# SOURCE DATA
┌──

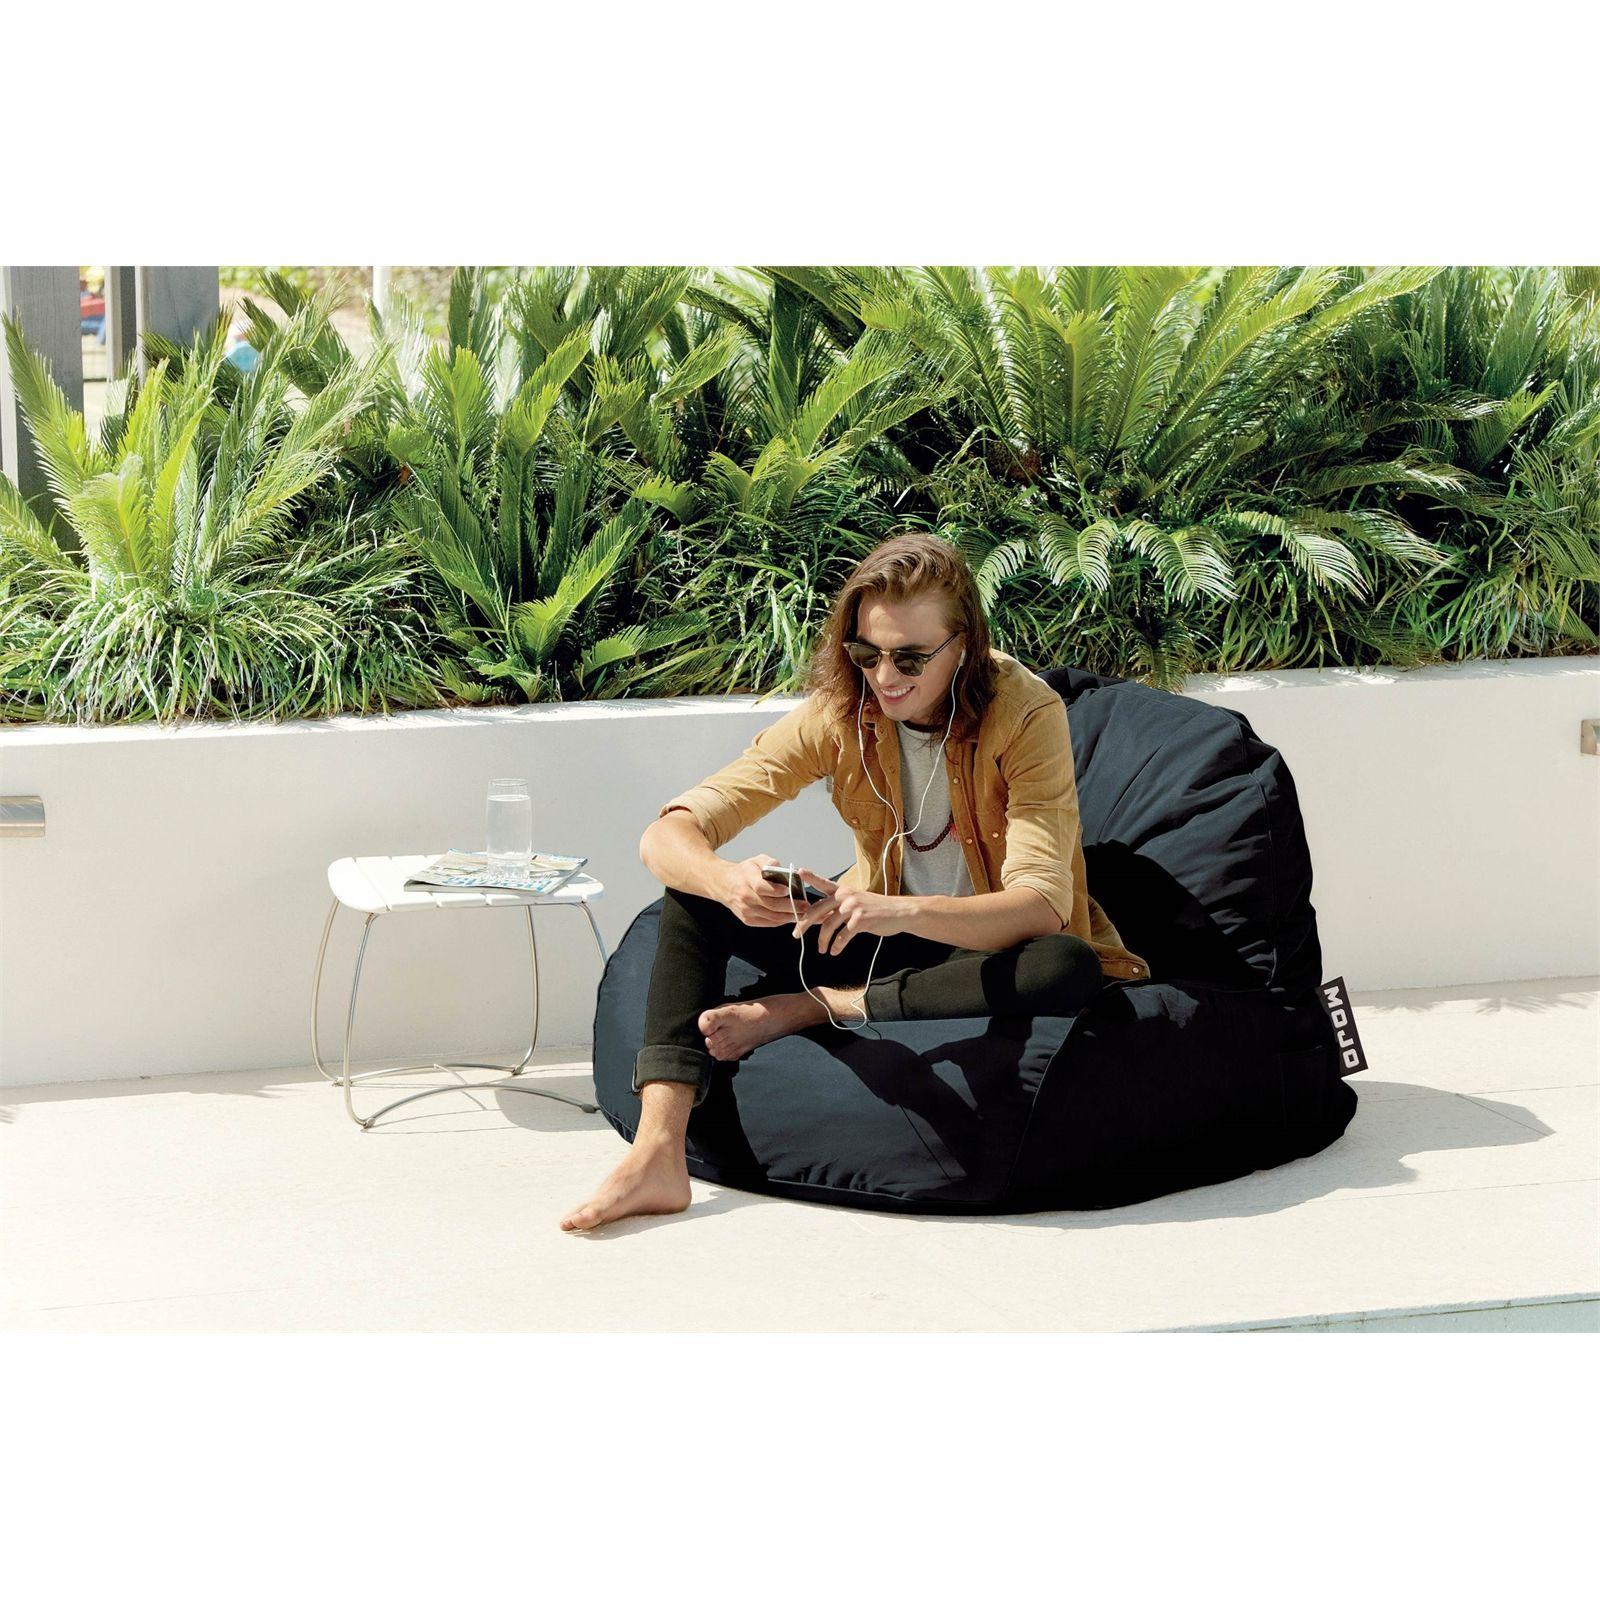 Mojo Black MyChair Outdoor Cushion Outdoor cushions
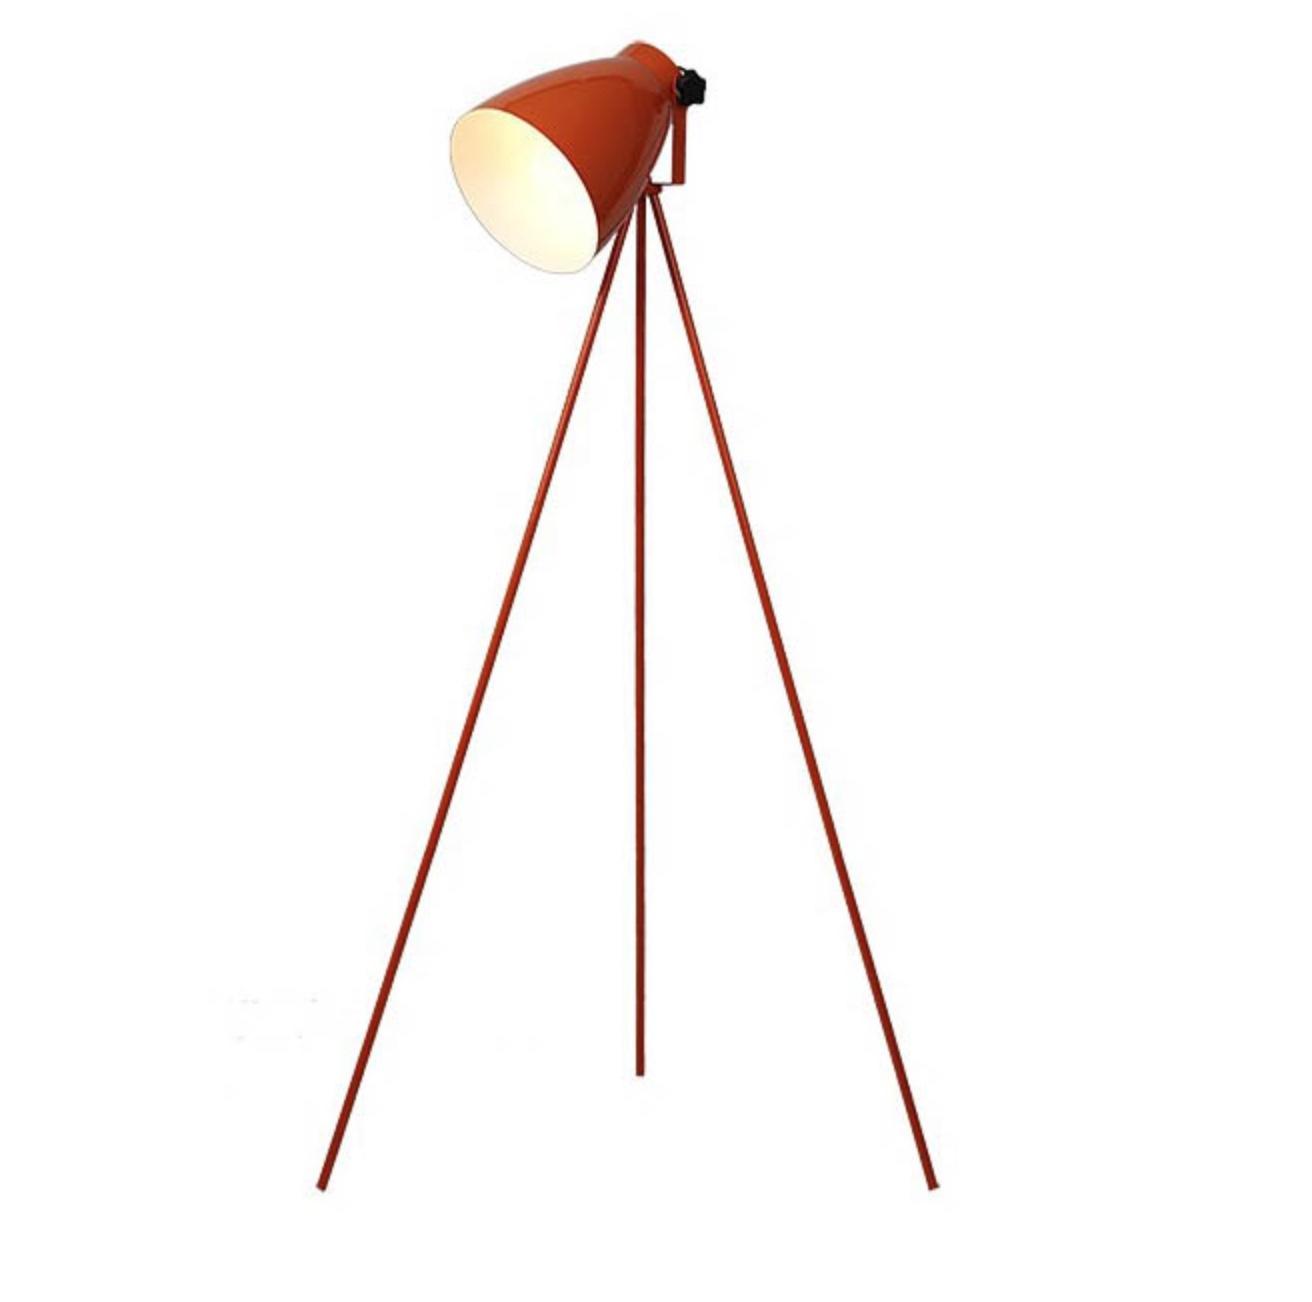 Floor Lamps - Tripod, Orange Baked, Stem Floor Lamps
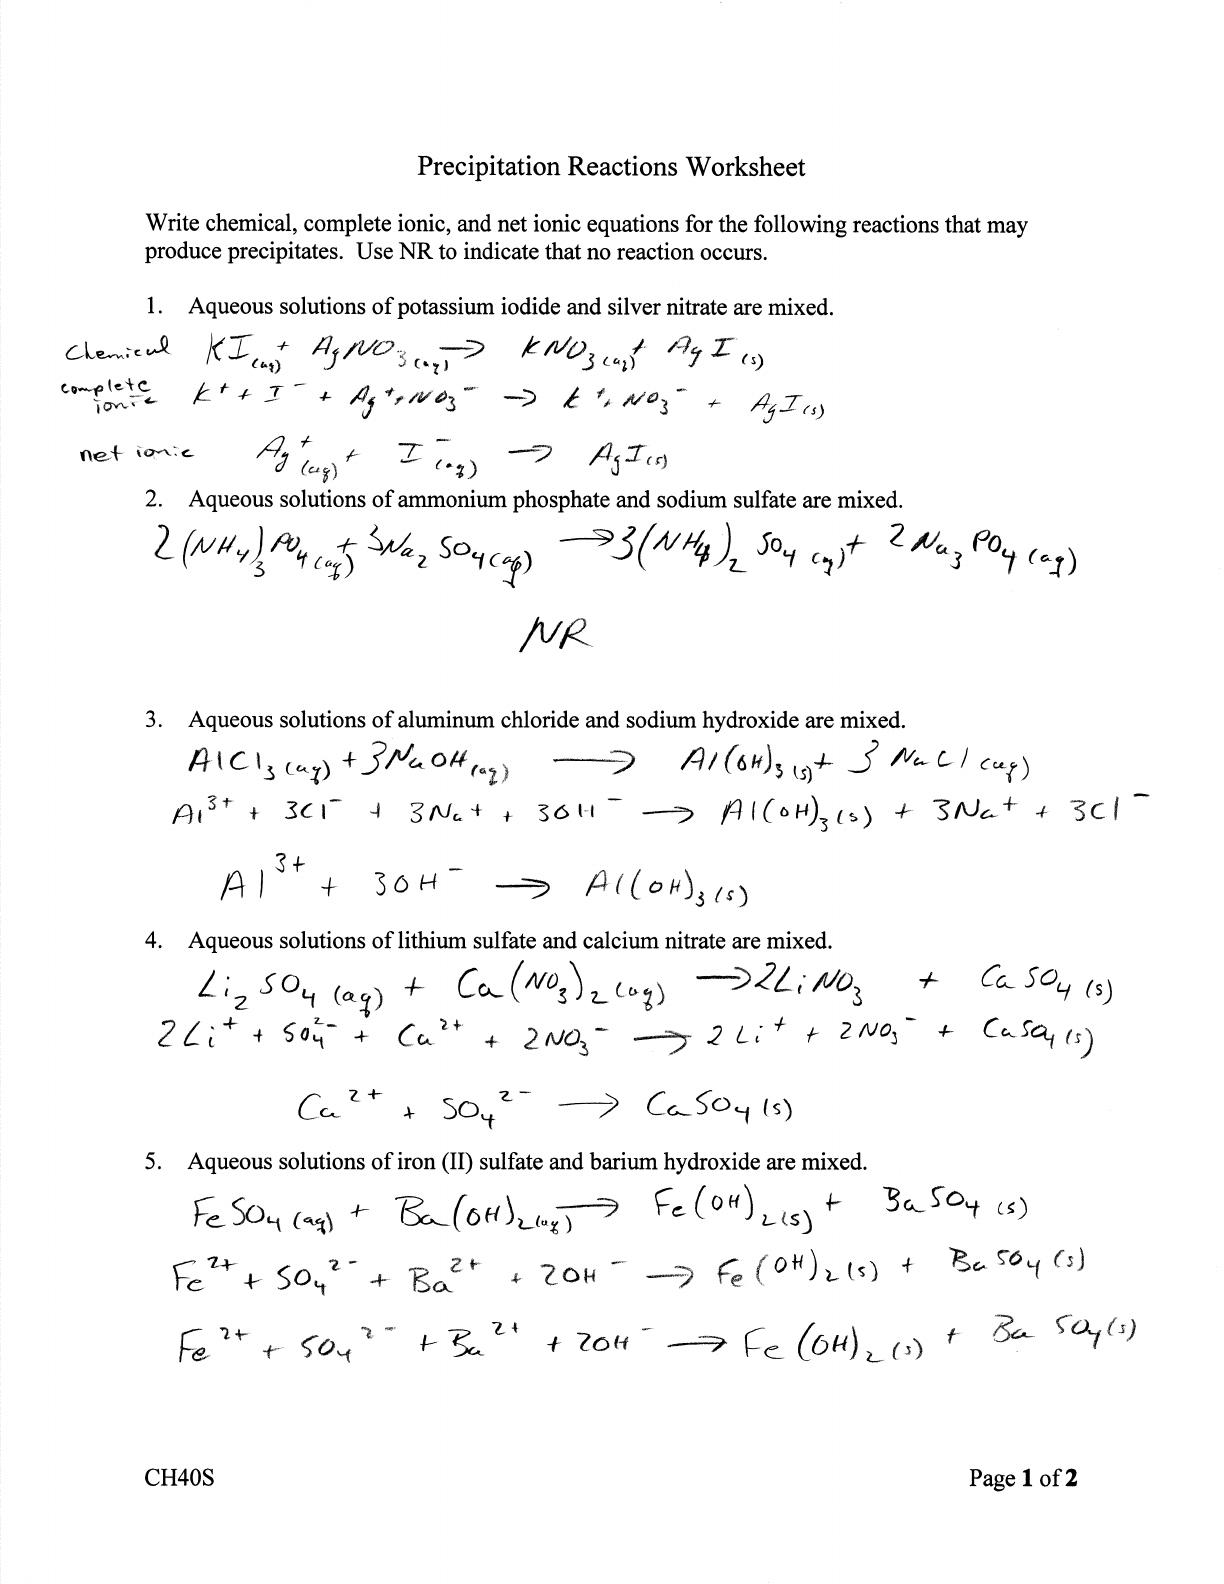 Precipitation Reactions Worksheet Pc Reactions Worksheet

└──

# EXERCISE OBJECTIVE
Since the pictures are not part of the copy, transcribe only the remaining material, exactly.

# WRITTEN RESPONSE
 Mojo Black MyChair Outdoor Cushion Outdoor cushions
 Floor Lamps - Tripod, Orange Baked, Stem Floor Lamps
 Precipitation Reactions Worksheet Pc Reactions Worksheet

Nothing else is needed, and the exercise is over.